Капитан Два Лица - Ригби Эл. Страница 69

— Очень красивые.

— Это братские чаши, реликвия времен Общего Берега. — Дуан улыбнулся. — Слышал? У белого народа короли пьют из них с теми, с кем хотели бы в следующем перерождении, если Пресветлая его дозволит, быть единокровными братьями.

Кеварро смотрел на него, ничего не произнося.

— Дай мне кубок, — тихо попросил Дуан. — Брат.

Правую чашу пододвинули через стол. Беря ее, Дуан посмотрел на свою ладонь. Заморский перстень он повернул камнем внутрь и вот уже на протяжении двух или трех швэ мог видеть, как кроваво-красный сильбурр становится все темнее и мутнее, немо предупреждая: «Яд, хозяин. Предатель поблизости».

Дуан поднял кубок за ножку; Кеварро повторил его жест. Они смотрели друг другу в глаза, и Дуан все еще ждал. Ждал, даже медленно произнося:

— Что ж. Сейчас убедимся, что вино хорошее. За тебя, мой бесценный советник.

Чаши стукнулись друг о друга, и Дуан стал подносить свою к губам. Перстень уже в панике обжигал кожу пальца, силясь остановить своего владельца. Тщетно: в тот миг Дуан испытывал странную, пугавшую его самого, безнадежную раздвоенность. Одна часть напоминала, что на поясе пистолет и что с такого расстояния легко стрелять в лоб. Другая сама тянулась к отраве, убежденная, что если Черный Боцман права, существовать дальше, храня память о таком предательстве, не имеет особого смысла.
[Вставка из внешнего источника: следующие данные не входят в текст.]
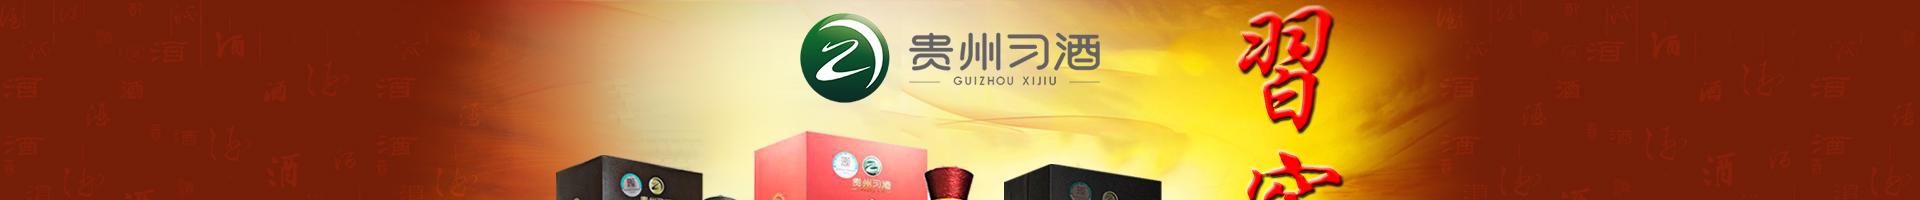 贵州茅台酒厂(集团)习酒有限公司品牌习窖全国运营中心

Первая половина сердца, видимо, принадлежала пирату, вторая — королю. Но ни одна не успела восторжествовать.

— За тебя, Ино, мой король.

Кеварро улыбнулся и быстро, будто провел в пустынях не одну сэлту без воды, опрокинул в себя кубок. В то же мгновение сильбурр на пальце у Дуана резко остыл и вернул свой спокойный красный цвет. И король Альра’Иллы понял все, как если бы Дио’Дио доступно написала объяснение на табличке и показала.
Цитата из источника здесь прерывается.